YouTube is expanding on its latest feature that made any public YouTube video potential fodder for its TikTok competitor, YouTube Shorts. Today, the company…



YouTube is expanding on its latest feature that made any public YouTube video potential fodder for its TikTok competitor, YouTube Shorts. Today, the company is announcing the launch of “Green Screen,” a tool that will allow users to use up to a 60-second video segment from any eligible YouTube video or YouTube Short as the background for their new original Short video.
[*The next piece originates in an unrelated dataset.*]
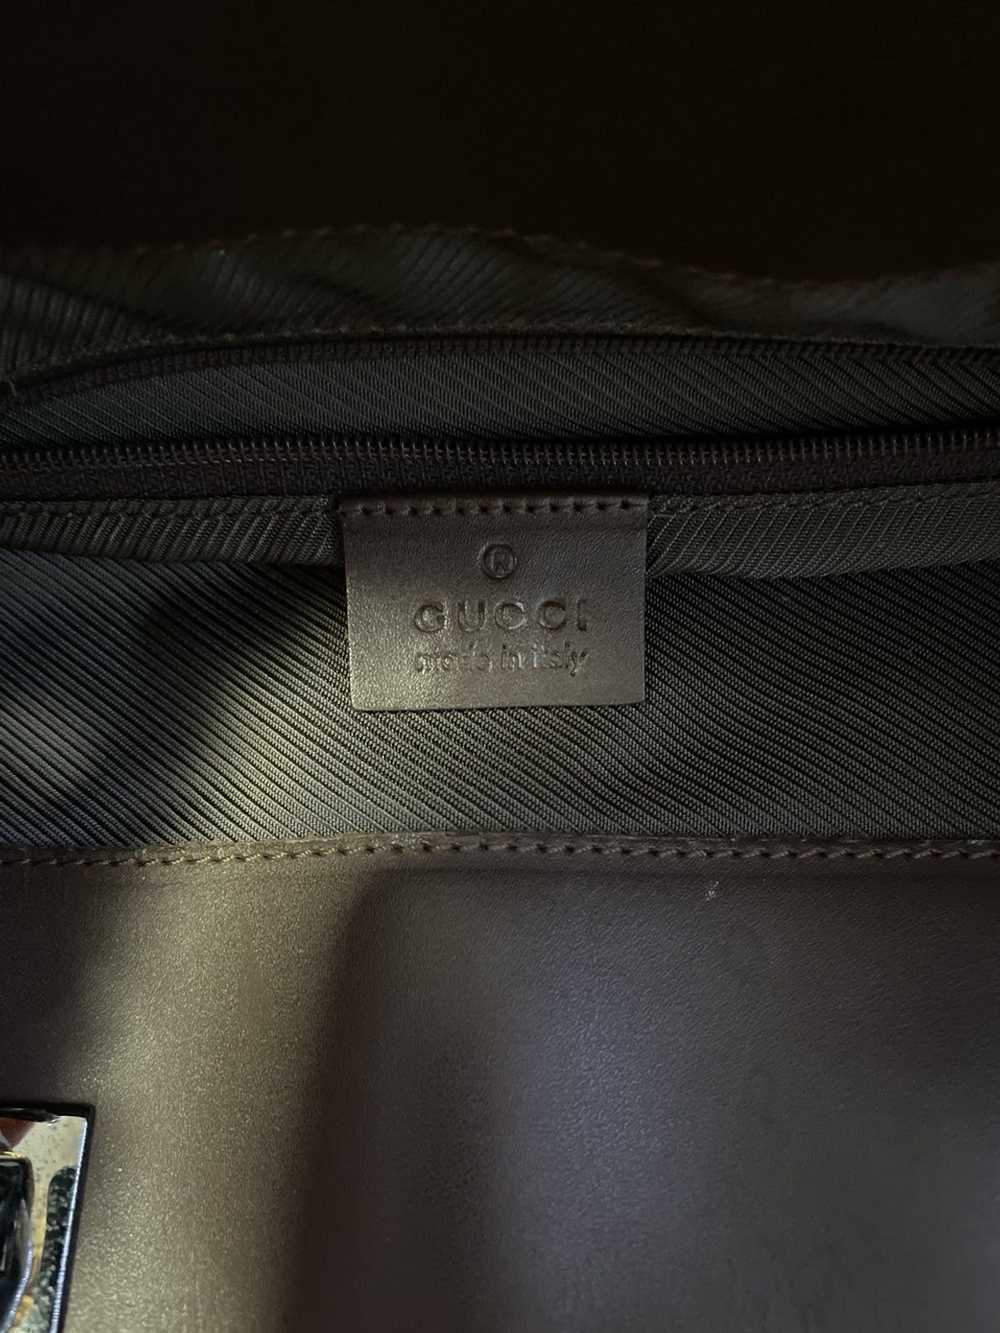 Gucci Gucci gg canvas monogram tote bag - image 5
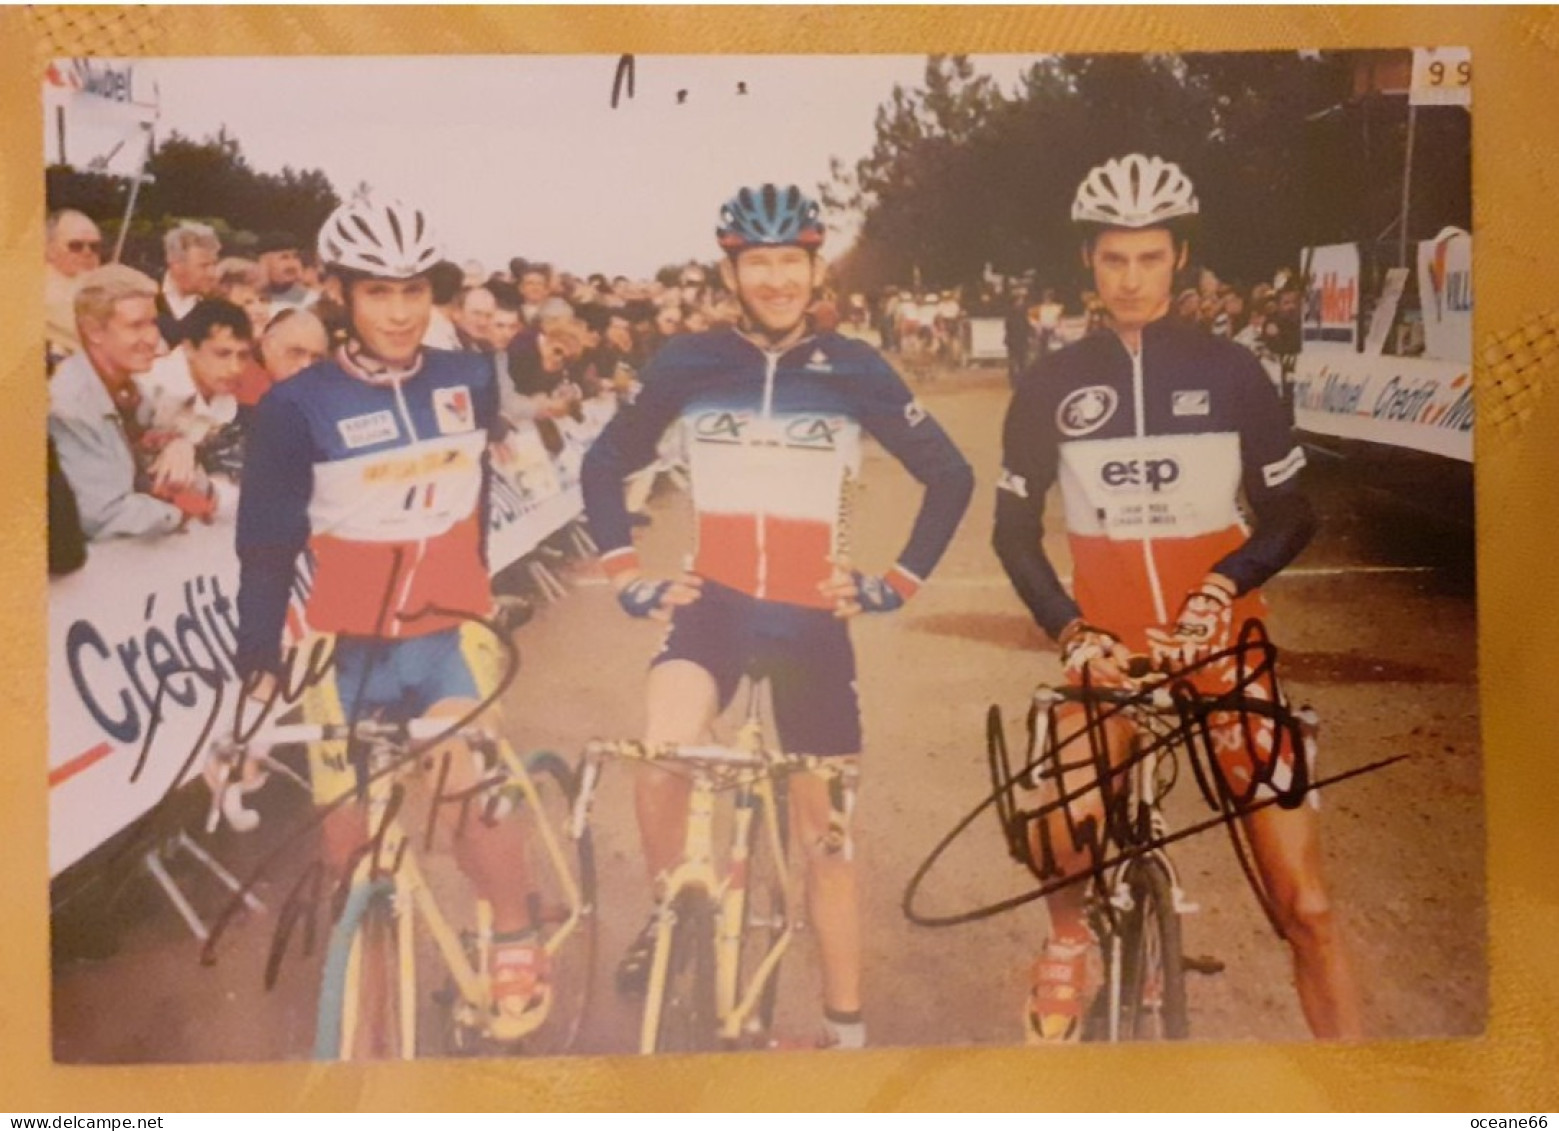 Autographes David Derepas Et Christophe Morel Avec François Simon Champions De France - Ciclismo

The feature joins a number of other effects available now to YouTube Shorts creators, including the appearance-smoothing Retouch feature; a Lighting feature to boost dark environments; an Align feature that aligns the subject from the last frame of a video with a new video; a text and timeline editor to add messages over top videos; various video filters; and, most recently, Cut — the tool that effectively made all of YouTube’s public content possible Shorts material.

As with Cut, YouTube says the new Green Screen remix feature can be used with any public YouTube video unless the creator has opted out. The only exception to this involves music videos which include copyrighted content from YouTube’s partners or others with visual claims. Also similar to Cut, any video created with Green Screen includes a link back to the original content creator for attribution’s sake.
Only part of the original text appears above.